Here we present results of analyses of morphological and genetic variation in H. rostratus from across its range, representing the largest, most detailed examination of caecilian intraspecific variation to date. The primary questions we address are: what are the main patterns of genetic and phenotypic variation within H. rostratus across the Seychelles archipelago, and what processes are responsible for them?

Results

Molecular data

Mitochondrial and nuclear DNA sequence data

Based on variation in 700 bp of the mitochondrial encoded cytochrome b gene (cytb) we identified 34 unique haplotypes among 100 H. rostratus individuals sampled from nine islands. Cytb data was partitioned into codon positions (CP) based on the results of PartitionFinder [77] analysis, and for the Bayesian inference (BI) analyses run through MrBayes [78] using the substitution models HKY + I (CP1), HKY (CP2) and GTR (CP3). Phylogenetic analyses using BI revealed a strongly supported, basal split between specimens from the northern islands + Frégate and specimens from the southern islands (Fig. 1a). The clustering pattern in the cytb phylogeny is congruent with the cytb haplotype network (Fig. 1b). The sharing of some haplotypes between islands could be indicative of shared ancestry (with recent vicariance not yet reflected in the molecular markers) and/or of some migration having occurred in the recent past between islands.

Fig. 1
figure 1

Evolutionary relationships of Hypogeophis rostratus inferred from cytb data: a) Bayesian inference majority rule consensus tree. BI posterior probabilities > 0.5 are presented on the branches; b) Median-Joining haplotype network. Size of the haplotypes are indicative of number of individuals in the haplotype. Small black circles refer to mutational steps between haplotypes and open circles represent extinct or unsampled haplotypes. a & b) Colors on tips of the BI tree and within the haplotypes refer to sample island of origin as referred to in the key (and are the same as those used in Fig. 2). Depicted image of H. rostratus is from Mahé

Northern + Frégate island vs. southern island individuals are separated by p-distances of 3.2–4.8% (between group mean distance = 3.7%; net between group distance = 3.4%: Table 1). The maximum amount of genetic variation within the two main lineages is greater within the southern island group (p-distances up to 1.6%: between individuals from the island of Mahé) than within the northern + Frégate group (p-distances up to 1%: between individuals from La Digue and Praslin).
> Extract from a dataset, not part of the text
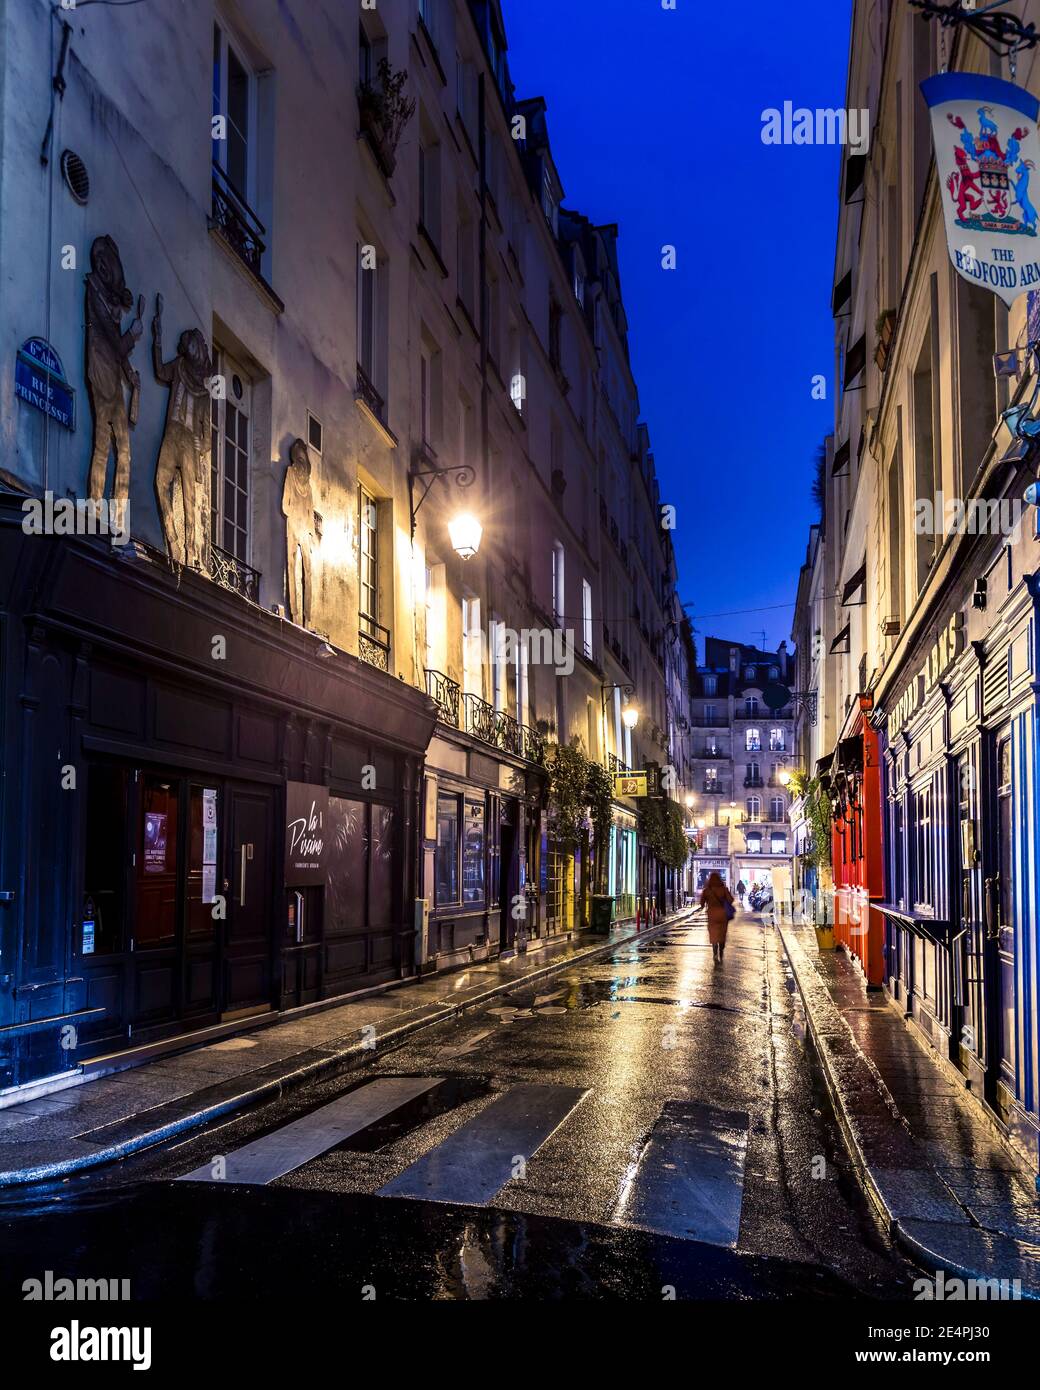 Paris, France - January 12, 2021: Empty  colorful street and bar closed due to covid19 restrictions in Paris, France Stock Photo

Table 1 Nucleotide diversity

Four nuclear loci—pro-opiomelanocortin (pomc), brain-derived neurotrophic factor (bdnf), and two anonymous nuclear markers (brev5 and rost5 [79];)—were sequenced for a subset of the samples sequenced for cytb (Additional file 2). As expected, mtDNA nucleotide diversity is greater than for nuDNA (see Table 1). No nuclear haplotypes for H. rostratus are restricted to single islands or larger within-island regions except for the samples from Frégate for brev5 (Fig. 2). For brev5 there is a widespread northern island haplotype and a widespread southern island haplotype. Specimens from the eastern island of Frégate and one specimen from the northern island of Curieuse are more similar to southern island individuals. For pomc there are main northern + Frégate and southern-island clusters, though samples from the southern island of Cerf share alleles with two widespread northern island haplotypes; a pattern also observed in the widespread northern island haplotype for rost5. For bdnf and rost5, allele sharing is extensive and there are no clear distinctions between specimens from northern- and southern- island groups. For pomc, specimens from the islands of Mahé, Silhouette and St. Anne all have unique haplotypes.

Fig. 2
figure 2

Haplotype network for Hypogeophis rostratus inferred from nuclear DNA: a) bdnf, b) rost5, c) brev5, d) pomc. Size of the haplotypes are indicative of number of individuals in the haplotype and colors indicate island population as referred to in the key. Small black circles refer to mutational steps between haplotypes and open circles represent extinct or unsampled haplotypes

Inference under the isolation with migration (IM) model [80] supports that no migration is occurring between the northern island + Frégate and southern island groups (Additional File 3). StarBEAST analyses estimate that the northern island + Frégate and southern island groups diverged approximately 1.26 Ma [95% HPD: 0.49–2 Ma] for the Yule tree prior (1.11 Ma [95% HPD: 0.37–1.84 Ma] for the Birth Death tree prior, and 1.27 Ma [95% HPD: 0.51–2.03 Ma] under a Coalescent tree prior).

AFLP analyses

AFLP genetic diversity varies considerably among islands. Using Nei’s [81] unbiased heterozygosity, diversity estimates ranged from ~ 0.19 (Mahé) to ~ 0.04 (Praslin) (Table 2). Analyses of AFLP data identified considerable genetic structuring among islands. Estimates of θ were large, and 95% confidence limits of θ did not overlap with zero (θ = 0.3574; upper CI = 0.4548, lower CI = 0.2670).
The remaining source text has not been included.